Néanmoins l'espérance de vie des nourrissons était très limitée, elle tournait autour de trois mois et très rapidement les bébés déclinaient et mouraient. L'auteure s'attache à montrer le courage, la solidarité et l'ingéniosité dont vont faire preuve les compagnes de Mila pour garder cet enfant en vie, enfant qui, pour elles toutes est un ultime espoir dans cet enfer.
Seulement trois enfants français nés à Ravensbrück ont survécu.
Avec cette fiction romanesque, Valentine Goby porte à notre connaissance un aspect peu connu de la vie des camps, à savoir la naissance de bébés dans les camps de concentration. À la fin du bouquin, elle n'omet pas de parler de la joie lors du retour de retrouver certains proches mais surtout de la communication presque impossible à établir. « Ils disent qu'ils ont eu peur pour elle. … En fait, ils ont peur d'elle . Ce qu'elle a vu, entendu, ils ne veulent pas le voir, pas l'entendre ». « Elle sait qu'elle va porter Ravensbrück comme elle a porté son enfant : seule et en secret ».
C'est un livre qui se lit avec douleur, c'est une lecture éprouvante et qui secoue mais une lecture ô combien nécessaire pour ne pas oublier et éviter que l'homme ne retombe dans ce complet avilissement !

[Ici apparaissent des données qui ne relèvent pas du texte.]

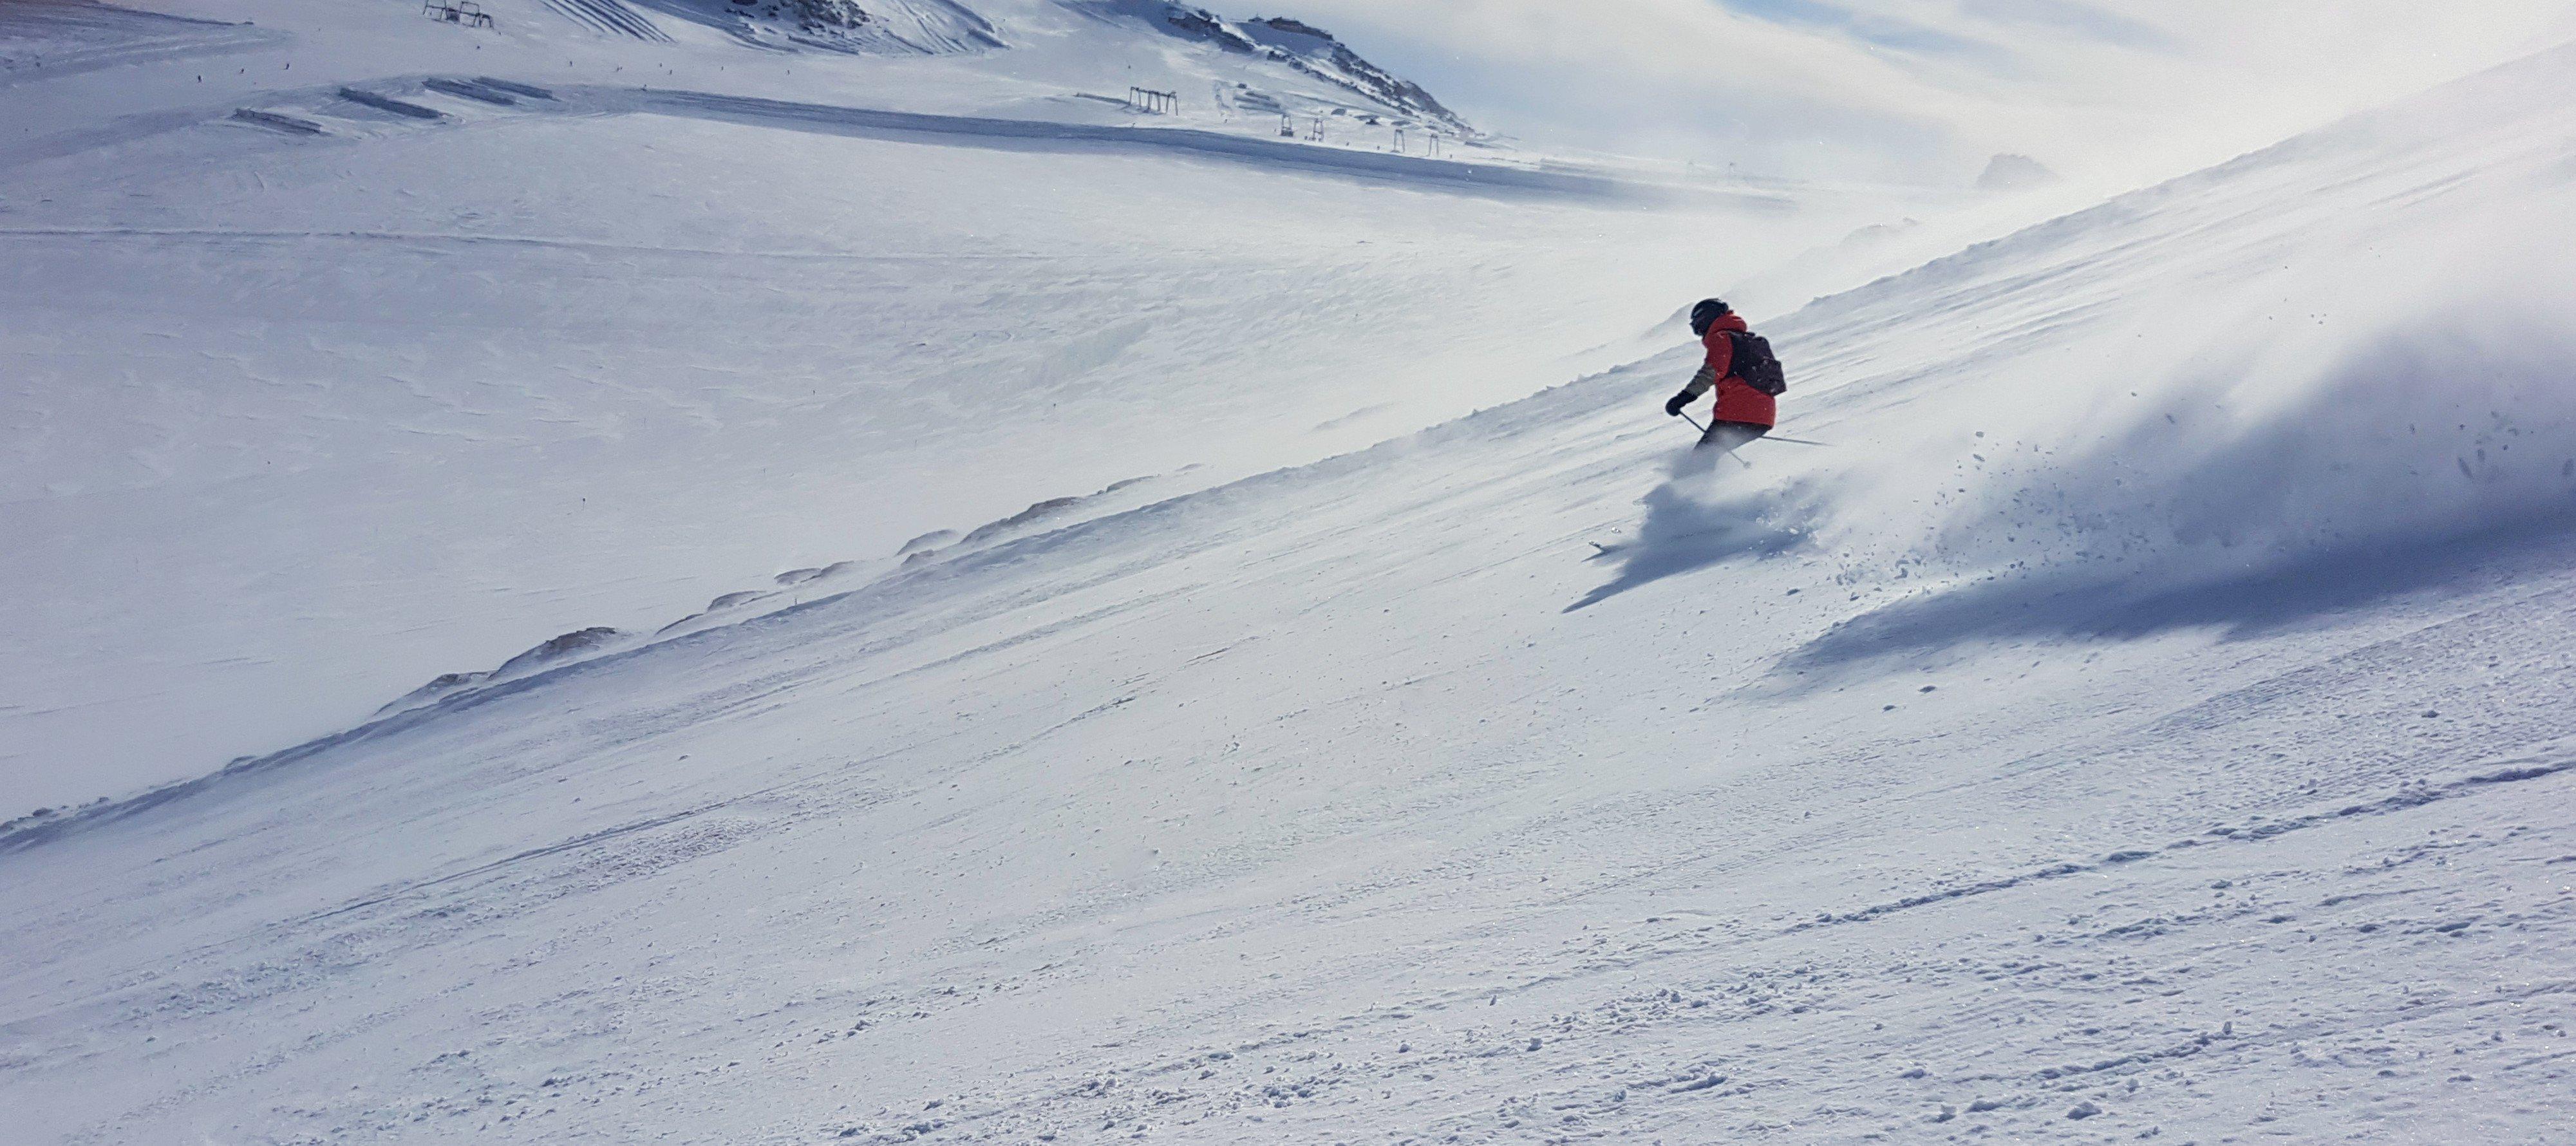 Snowboarding In The Austrian Alps

Je suis restée sidérée, tétanisée devant cette cruauté monstrueuse perpétrée par des hommes et des femmes, envers leurs semblables. Peut-on, d'ailleurs, encore dénommer ainsi ces bourreaux, véritables barbares? Mais je suis également restée ébahie et quasi incrédule devant le courage, l ‘énergie, l'audace souvent dont ont du faire preuve ces femmes pour supporter ces conditions inqualifiables.
L'écriture est brillante, juste, sobre et terriblement percutante et impressionnante.
Kinderzimmer prouve déjà tout le talent littéraire de Valentine Goby que j'avais déjà eu le plaisir de découvrir avec Un paquebot dans les arbres et Murène.